▸ **GOAL OF THE EXERCISE**
What is needed here is an exact repetition of the records below, beginning at the line that has "Müdigkeit: Risiko Schlafmangel" and stopping after the line that has "4000A, 100kA, ausfahrbar,RH".

╭──

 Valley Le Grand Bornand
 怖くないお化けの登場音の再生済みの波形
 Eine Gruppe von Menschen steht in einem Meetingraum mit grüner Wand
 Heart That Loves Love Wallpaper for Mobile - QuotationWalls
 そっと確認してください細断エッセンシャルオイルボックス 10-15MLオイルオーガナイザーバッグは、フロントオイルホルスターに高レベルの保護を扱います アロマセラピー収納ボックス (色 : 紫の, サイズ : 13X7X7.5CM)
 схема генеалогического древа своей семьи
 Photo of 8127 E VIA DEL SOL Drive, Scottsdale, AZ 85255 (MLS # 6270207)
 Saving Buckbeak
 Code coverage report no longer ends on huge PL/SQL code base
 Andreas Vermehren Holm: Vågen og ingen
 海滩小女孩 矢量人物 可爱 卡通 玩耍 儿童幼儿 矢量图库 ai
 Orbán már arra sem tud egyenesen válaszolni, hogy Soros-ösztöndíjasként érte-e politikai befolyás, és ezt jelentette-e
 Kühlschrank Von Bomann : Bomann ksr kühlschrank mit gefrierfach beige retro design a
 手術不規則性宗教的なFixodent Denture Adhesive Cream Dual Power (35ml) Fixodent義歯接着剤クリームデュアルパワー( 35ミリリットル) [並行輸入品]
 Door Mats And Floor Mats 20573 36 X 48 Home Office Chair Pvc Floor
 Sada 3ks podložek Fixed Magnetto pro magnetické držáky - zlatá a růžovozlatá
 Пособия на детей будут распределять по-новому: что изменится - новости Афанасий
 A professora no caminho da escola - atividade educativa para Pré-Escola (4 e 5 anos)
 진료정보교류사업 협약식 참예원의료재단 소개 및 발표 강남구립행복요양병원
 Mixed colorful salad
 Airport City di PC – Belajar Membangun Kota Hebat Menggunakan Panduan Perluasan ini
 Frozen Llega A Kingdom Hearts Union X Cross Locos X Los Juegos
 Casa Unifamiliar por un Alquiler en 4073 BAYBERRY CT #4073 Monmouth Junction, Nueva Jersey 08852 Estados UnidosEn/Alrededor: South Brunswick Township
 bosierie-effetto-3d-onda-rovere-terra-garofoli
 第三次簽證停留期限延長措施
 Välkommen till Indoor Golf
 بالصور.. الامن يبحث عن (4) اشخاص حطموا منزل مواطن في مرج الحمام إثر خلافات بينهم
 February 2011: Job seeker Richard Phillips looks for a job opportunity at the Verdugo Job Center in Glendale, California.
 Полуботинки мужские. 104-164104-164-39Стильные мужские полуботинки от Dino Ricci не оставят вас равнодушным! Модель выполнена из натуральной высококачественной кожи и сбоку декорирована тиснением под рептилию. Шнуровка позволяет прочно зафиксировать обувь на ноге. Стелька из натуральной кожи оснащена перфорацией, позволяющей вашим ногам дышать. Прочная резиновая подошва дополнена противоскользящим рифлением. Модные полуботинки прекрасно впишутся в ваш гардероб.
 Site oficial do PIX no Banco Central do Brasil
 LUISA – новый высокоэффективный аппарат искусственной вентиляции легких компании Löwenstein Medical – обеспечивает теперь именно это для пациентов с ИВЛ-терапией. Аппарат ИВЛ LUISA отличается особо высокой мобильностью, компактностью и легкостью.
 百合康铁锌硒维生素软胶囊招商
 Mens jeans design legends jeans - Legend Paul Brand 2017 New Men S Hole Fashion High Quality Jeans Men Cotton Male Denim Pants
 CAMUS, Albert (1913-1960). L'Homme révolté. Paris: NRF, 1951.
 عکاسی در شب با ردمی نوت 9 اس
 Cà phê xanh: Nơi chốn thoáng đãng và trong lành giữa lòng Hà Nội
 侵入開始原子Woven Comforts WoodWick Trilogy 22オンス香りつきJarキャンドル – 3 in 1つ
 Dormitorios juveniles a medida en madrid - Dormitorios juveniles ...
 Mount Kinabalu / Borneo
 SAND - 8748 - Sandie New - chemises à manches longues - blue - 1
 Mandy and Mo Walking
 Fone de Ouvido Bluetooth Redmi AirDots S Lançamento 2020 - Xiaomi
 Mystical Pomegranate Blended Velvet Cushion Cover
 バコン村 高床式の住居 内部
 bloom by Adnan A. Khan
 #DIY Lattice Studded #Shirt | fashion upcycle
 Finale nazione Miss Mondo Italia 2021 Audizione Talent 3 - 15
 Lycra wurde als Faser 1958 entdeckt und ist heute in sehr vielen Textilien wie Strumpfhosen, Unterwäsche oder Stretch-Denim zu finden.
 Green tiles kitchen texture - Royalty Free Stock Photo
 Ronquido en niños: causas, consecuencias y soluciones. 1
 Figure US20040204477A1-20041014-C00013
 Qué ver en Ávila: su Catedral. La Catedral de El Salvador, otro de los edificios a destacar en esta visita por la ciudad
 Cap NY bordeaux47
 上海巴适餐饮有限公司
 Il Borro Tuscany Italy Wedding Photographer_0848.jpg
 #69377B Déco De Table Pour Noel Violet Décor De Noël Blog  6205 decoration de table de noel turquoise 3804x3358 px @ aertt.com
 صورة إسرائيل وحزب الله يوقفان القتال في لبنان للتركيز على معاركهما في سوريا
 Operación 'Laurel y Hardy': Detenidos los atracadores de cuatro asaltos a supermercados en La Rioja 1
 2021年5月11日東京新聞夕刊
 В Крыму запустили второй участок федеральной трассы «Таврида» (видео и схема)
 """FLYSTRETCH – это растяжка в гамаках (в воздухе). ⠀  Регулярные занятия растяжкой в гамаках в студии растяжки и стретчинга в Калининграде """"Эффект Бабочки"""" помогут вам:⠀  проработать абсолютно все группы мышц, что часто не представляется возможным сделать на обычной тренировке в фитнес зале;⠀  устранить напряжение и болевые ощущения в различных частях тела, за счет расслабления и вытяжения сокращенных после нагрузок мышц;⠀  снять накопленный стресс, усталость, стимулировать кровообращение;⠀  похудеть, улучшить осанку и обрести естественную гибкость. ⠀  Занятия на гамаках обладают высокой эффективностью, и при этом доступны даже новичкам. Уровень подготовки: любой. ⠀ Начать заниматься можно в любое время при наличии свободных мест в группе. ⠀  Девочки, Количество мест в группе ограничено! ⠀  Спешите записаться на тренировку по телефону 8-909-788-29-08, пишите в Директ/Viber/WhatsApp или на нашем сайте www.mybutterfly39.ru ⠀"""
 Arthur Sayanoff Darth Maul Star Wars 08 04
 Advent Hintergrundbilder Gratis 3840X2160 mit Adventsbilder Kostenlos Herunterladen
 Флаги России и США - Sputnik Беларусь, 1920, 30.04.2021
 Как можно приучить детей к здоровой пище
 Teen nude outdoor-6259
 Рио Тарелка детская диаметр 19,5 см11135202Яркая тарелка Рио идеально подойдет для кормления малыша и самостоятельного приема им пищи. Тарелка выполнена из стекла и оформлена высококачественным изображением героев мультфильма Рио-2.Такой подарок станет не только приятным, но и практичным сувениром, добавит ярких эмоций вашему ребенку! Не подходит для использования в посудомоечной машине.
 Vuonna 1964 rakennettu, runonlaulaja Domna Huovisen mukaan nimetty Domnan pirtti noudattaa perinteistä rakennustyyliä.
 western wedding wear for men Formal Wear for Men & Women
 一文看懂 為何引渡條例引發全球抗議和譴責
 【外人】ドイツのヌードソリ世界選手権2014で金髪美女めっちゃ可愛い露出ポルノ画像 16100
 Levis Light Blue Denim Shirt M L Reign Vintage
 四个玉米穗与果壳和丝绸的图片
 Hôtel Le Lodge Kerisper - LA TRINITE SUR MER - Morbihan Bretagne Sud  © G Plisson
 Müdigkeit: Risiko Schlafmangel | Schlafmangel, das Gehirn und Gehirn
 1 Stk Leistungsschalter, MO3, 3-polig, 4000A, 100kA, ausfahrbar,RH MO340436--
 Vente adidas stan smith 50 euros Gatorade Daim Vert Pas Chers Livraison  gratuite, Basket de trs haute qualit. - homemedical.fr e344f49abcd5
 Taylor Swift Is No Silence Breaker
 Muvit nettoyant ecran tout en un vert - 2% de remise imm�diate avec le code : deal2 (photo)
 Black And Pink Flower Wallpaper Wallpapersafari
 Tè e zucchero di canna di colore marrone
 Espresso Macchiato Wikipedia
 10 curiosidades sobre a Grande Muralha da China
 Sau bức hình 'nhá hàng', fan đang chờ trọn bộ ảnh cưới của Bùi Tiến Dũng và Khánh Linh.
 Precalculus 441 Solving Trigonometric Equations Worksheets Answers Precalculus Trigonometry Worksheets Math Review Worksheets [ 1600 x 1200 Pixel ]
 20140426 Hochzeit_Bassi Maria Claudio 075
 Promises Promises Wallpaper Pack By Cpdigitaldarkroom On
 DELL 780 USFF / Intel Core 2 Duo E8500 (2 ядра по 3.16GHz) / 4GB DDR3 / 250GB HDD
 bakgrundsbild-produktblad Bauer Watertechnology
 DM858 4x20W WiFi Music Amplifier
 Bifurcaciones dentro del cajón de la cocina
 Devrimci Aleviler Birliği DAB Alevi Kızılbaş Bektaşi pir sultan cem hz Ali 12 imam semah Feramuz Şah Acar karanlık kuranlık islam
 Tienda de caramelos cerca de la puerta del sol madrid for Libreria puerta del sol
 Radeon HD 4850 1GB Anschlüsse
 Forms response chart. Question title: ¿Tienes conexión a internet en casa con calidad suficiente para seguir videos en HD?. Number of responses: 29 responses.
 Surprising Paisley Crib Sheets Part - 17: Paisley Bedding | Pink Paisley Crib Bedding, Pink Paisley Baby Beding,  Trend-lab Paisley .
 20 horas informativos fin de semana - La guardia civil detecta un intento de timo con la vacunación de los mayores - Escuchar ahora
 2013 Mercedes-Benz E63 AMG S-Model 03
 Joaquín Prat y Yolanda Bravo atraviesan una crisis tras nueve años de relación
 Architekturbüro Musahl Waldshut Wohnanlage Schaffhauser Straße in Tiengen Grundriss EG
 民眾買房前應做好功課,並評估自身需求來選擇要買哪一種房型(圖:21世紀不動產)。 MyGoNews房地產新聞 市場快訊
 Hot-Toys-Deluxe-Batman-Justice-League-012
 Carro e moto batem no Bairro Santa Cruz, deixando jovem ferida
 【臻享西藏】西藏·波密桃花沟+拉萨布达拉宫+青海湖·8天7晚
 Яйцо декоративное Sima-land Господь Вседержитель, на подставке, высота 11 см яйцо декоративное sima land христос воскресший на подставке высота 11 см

╰──

▸ **RESPONSE TO THE EXERCISE**
 Müdigkeit: Risiko Schlafmangel | Schlafmangel, das Gehirn und Gehirn
 1 Stk Leistungsschalter, MO3, 3-polig, 4000A, 100kA, ausfahrbar,RH MO340436--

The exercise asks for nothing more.